- Interactive map of Sakhakot
- Country: Pakistan
- Province: Khyber Pakhtunkhwa
- District: Malakand
- Time zone: UTC+5 (PST)

= Sakhakot =

Sakhakot is a local city of Malakand District in the Khyber Pakhtunkhwa province of Pakistan. It's the gateway of district Malakand as well as the Malakand division. The name of Sakhakot is derived from two words, "Sakha" and "Kot" which means "fort of generosity". People of Sakhakot are historically best known for their hospitality and generosity. The area is termed as a fort because of it providing safety to those who sought asylum who were believed to be enemies of the state.

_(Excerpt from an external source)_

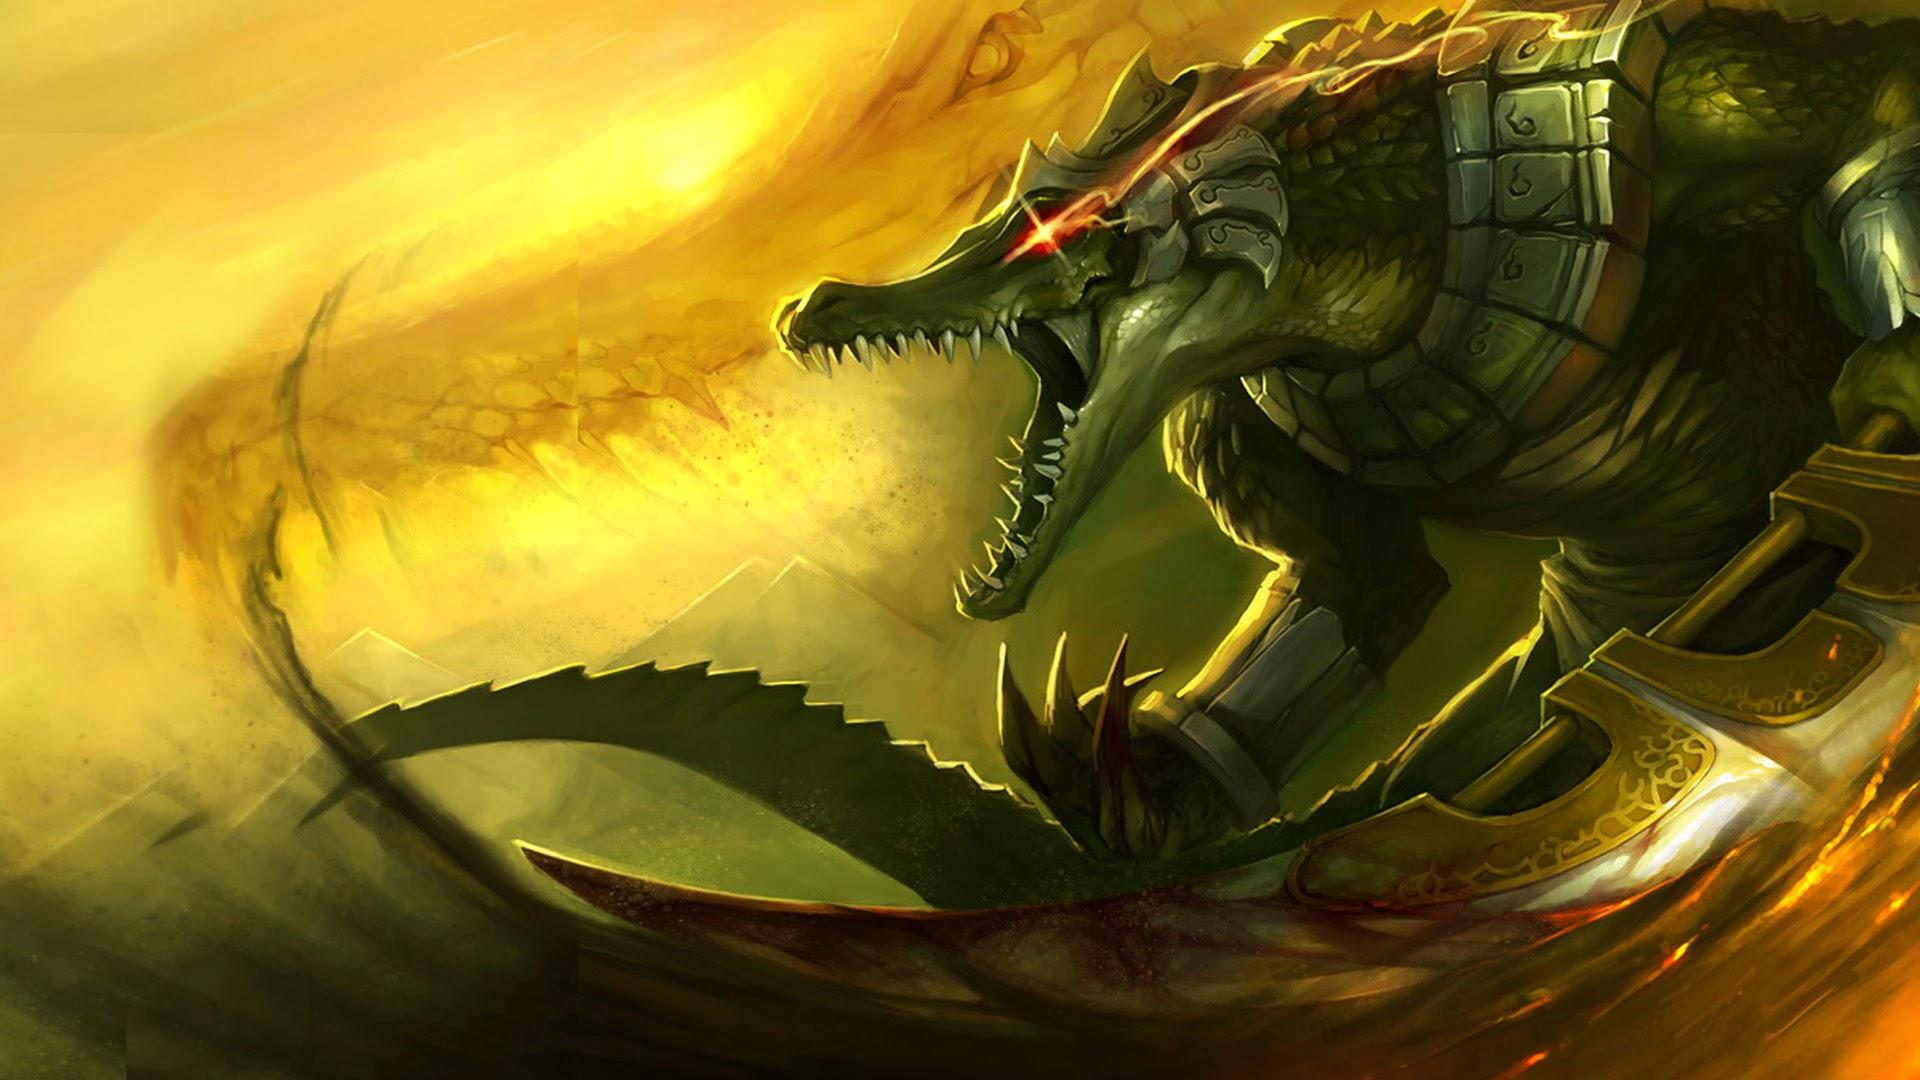 Renekton League of Legends 6j Wallpaper HD

One of the elders, Shahi Baba of Yousafzai tribe proclaimed that nobody dare touch the people who are once given protection. Shahi Baba of Shalman Rais Branch was also known for his guerilla war against the British. He was effective fighting the British invaders by joining hands with Sartor Faqir who was later on killed in action. This was a setback and the British strengthened their camp in Kharki village.

At present it is famous for its handmade weapons industry.

The District of Malakand has 3 tehsils i.e. Swat Rani Zai, Sam Rani Zai, and Thana Baizai. Each tehsil comprises certain numbers of Union councils. There are 28 union councils in district Malakand.